View Full Version : One sentence story
Oldrem
03-02-2009, 10:20 PM
A couple years ago I started a 3 word story thread. I'm glad to see Hamilton started another about a year ago. I'm starting another this time with a twist. It will be a one sentence story instead with a specific theme. Here are the rules:
#1 You can only add ONE SENTENCE at time to this story. (wait until someone else posts before adding another sentence). Please keep it a sentence and not a paragraph.
#2 It has to be kept CLEAN! (Innuendoes always welcome)
#3 Subject MUST REMAIN IN A COWBOY/COWGIRL THEME
#4 Read the posts above and be creative, try to keep a steady flow
If you add more than one sentence, you break the rule and
it messes up the fun so DON'T DO IT! When we get into
a few pages i will combine all the posts so it can be read
as a story.
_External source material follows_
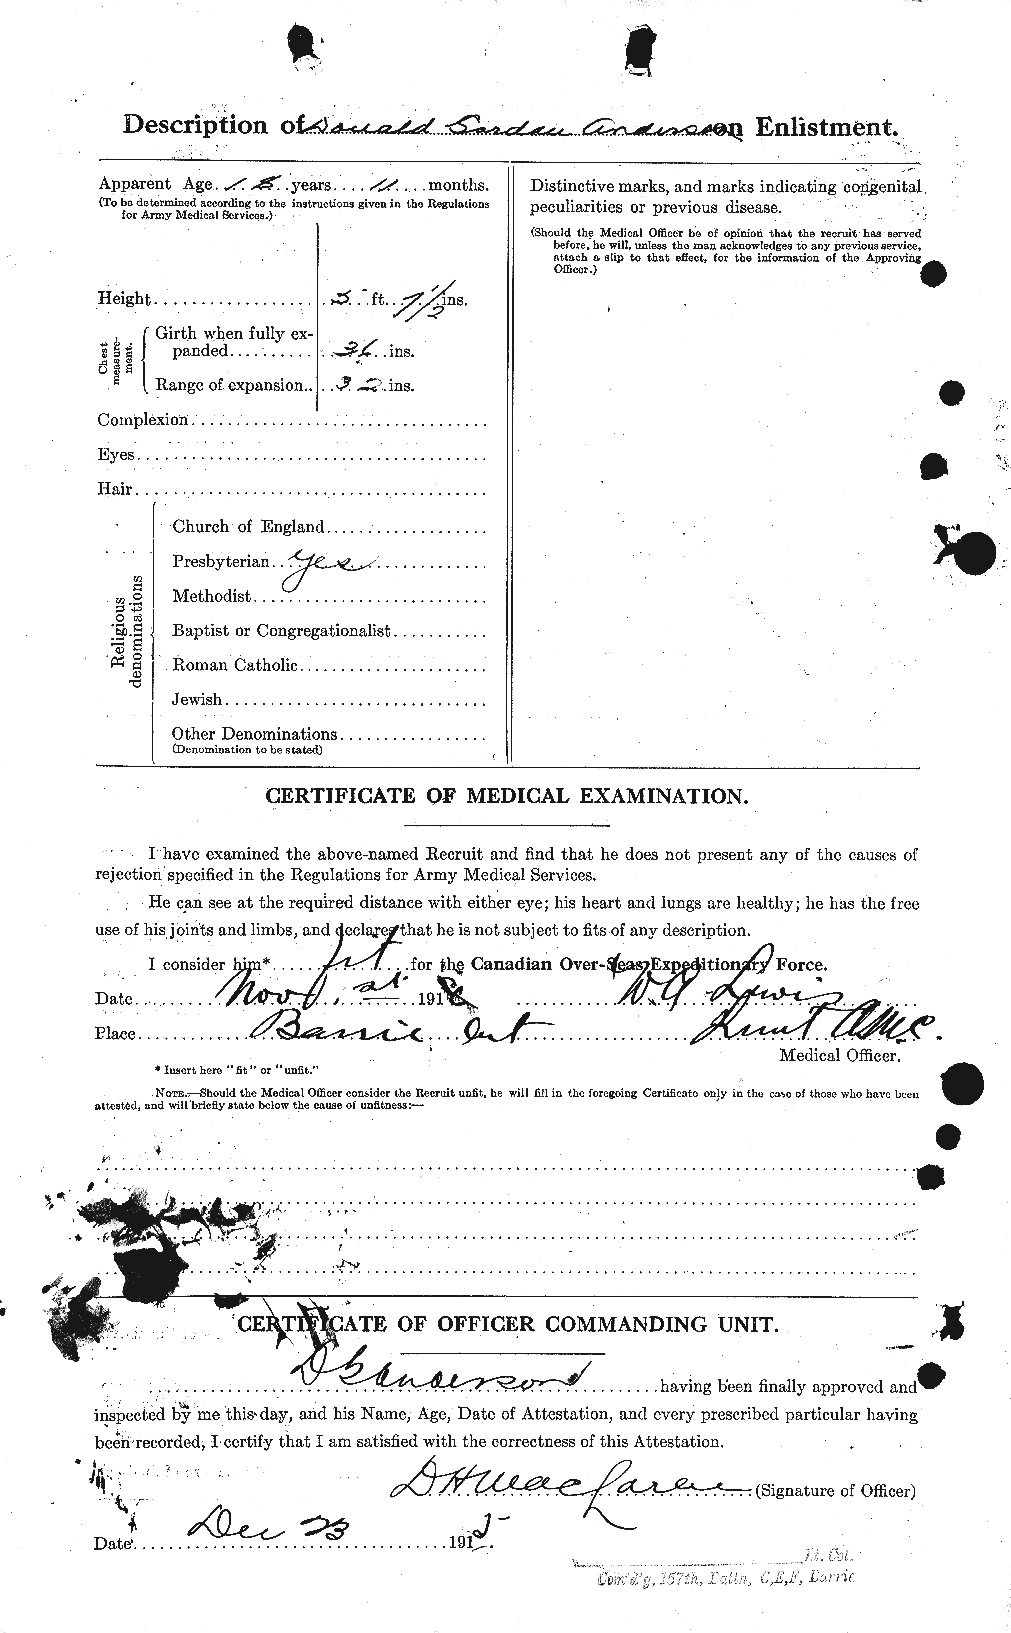 Personnel Records of the First World War - CEF 209986b
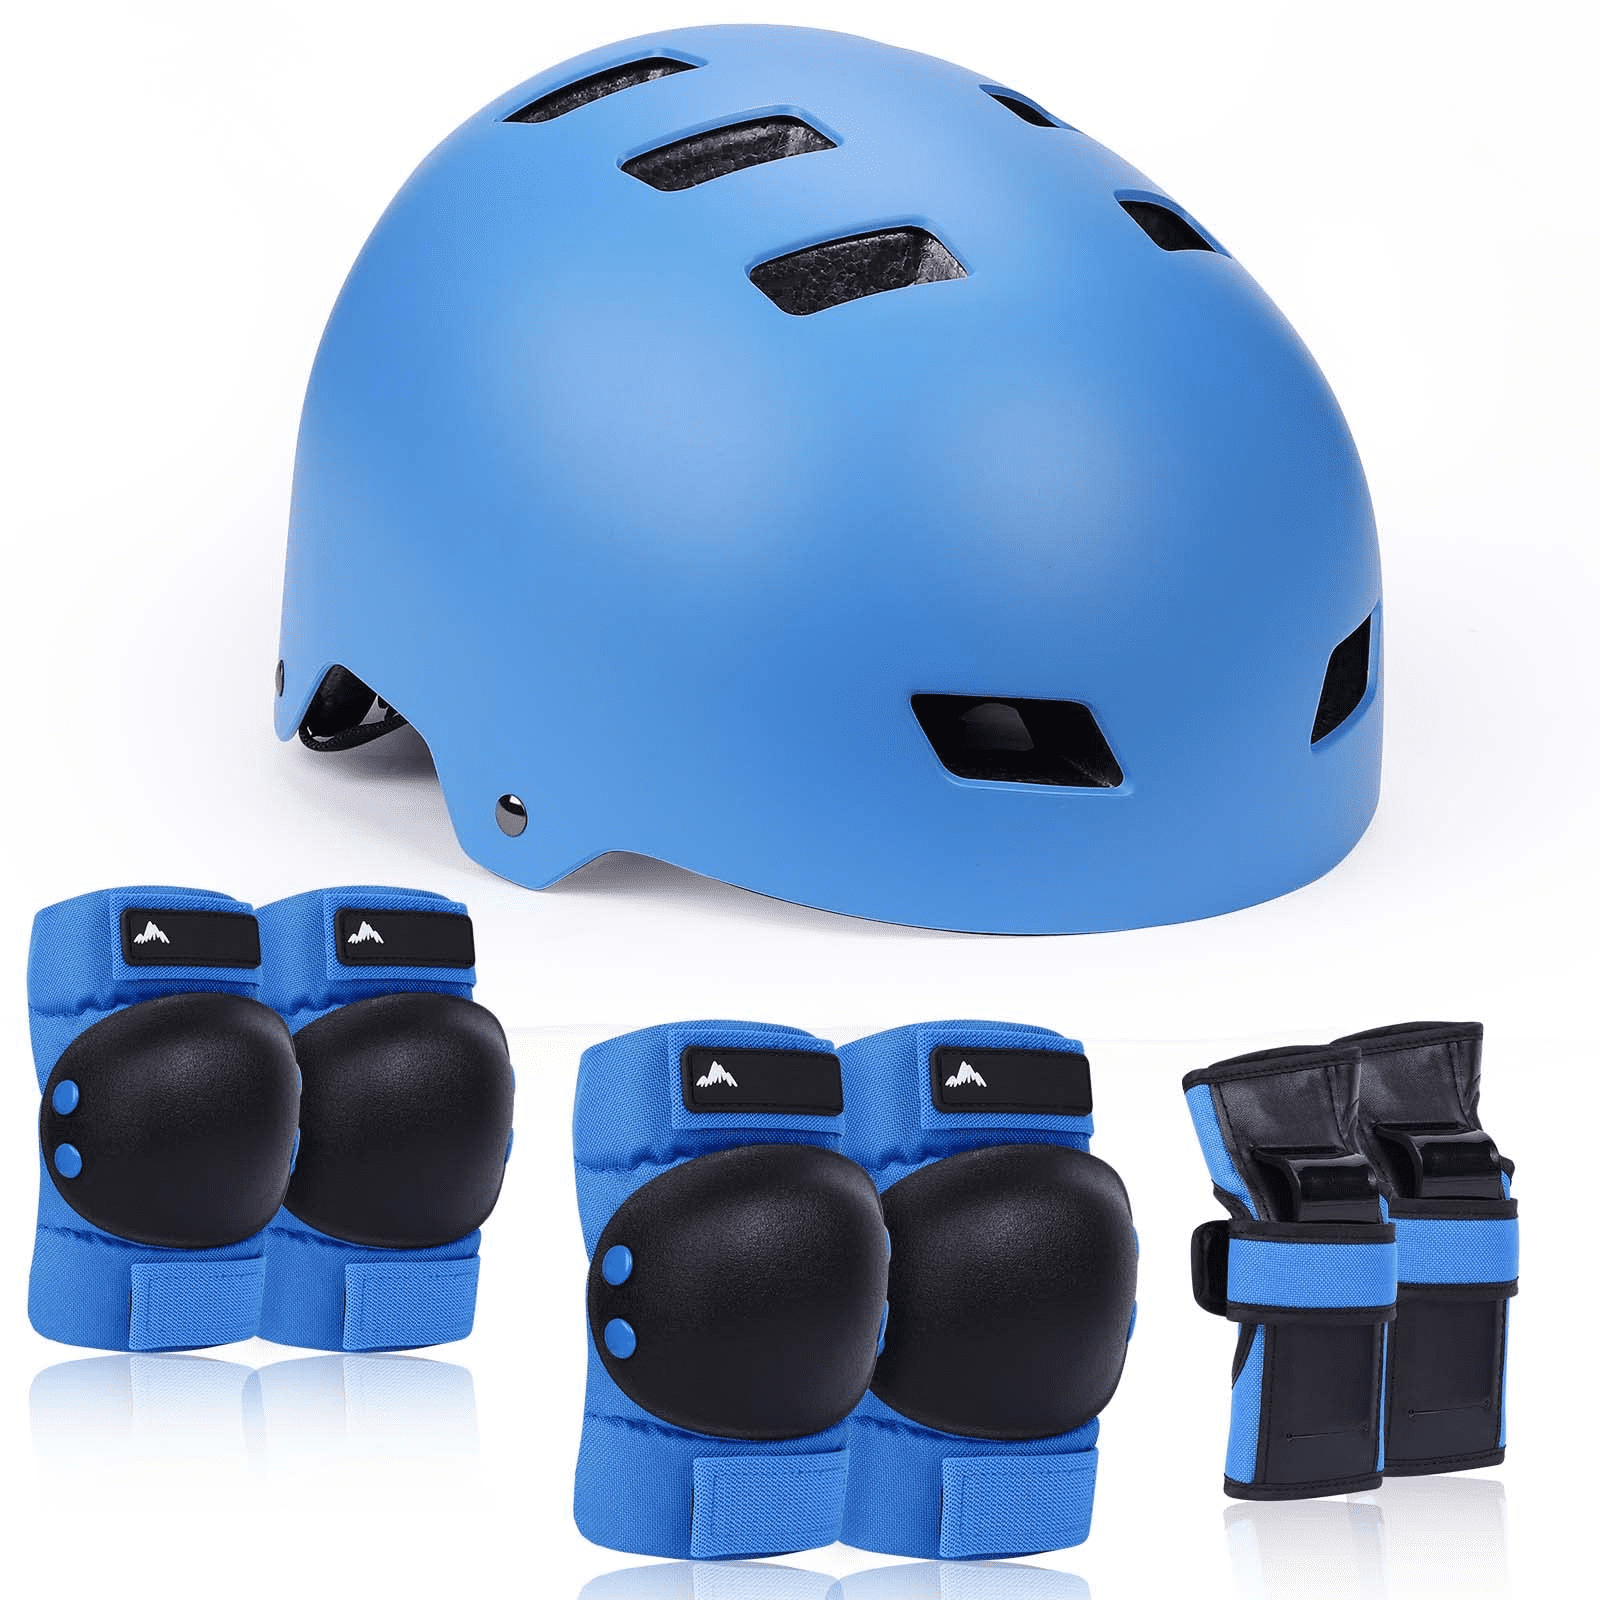 Apark Kids Bike Helmet Protective Gear Set Age 3-15 years Knee Pads Elbow Pads Wrist Guards and Adjustable Skateboard Helmets for Scooter Cycling Roller Skating Boys Girls Child

Enjoy and play by the rules! I'll start it off
One blustery night in New Mexico, a lone cowpoke lay silently beside his lowly fire staring up at the gray starless sky.
It had been 2 months since the horrible events back east had sent him west in search of answers.
The Kid
03-02-2009, 10:59 PM
In a rush, he grabbed his pistolas.
John Corley
03-03-2009, 12:56 AM
Because his instincts told him that death was coming fast!
jjwq8
03-03-2009, 01:21 AM
The end!
sdaniels7114
03-03-2009, 05:31 AM
...He knew was many posts (cough, I mean weeks) away.
Mountain Tile
03-03-2009, 07:14 AM
He knew she would never forgive him.
jjwq8
03-03-2009, 07:17 AM
The end!
custombuilt
03-03-2009, 07:42 AM
The Silence, however was interrupted by a rustling sound in the bushes at the edge of his campsite.
Mountain Tile
03-03-2009, 07:55 AM
Suddenly Jeremy and his trusty sidekick saw it move.
jjwq8
03-03-2009, 07:56 AM
The end fercrissakes!
Mountain Tile
03-03-2009, 08:02 AM
It was the sherriff ( cx ) letting Jeremy know the rules.
bbcamp
03-03-2009, 09:10 AM
After CX finished, Jeremy bleated, "I know the rules, I simply choose to ignore them!":stirpot:
Brad Denny
03-03-2009, 08:41 PM
"You bowdarkskull", replied cx, "did you really think Gobis wouldn't notice his best horses were gone from his ranch?!?"
RedRockTile
03-03-2009, 11:04 PM
So they all sat down by the dwindling fire.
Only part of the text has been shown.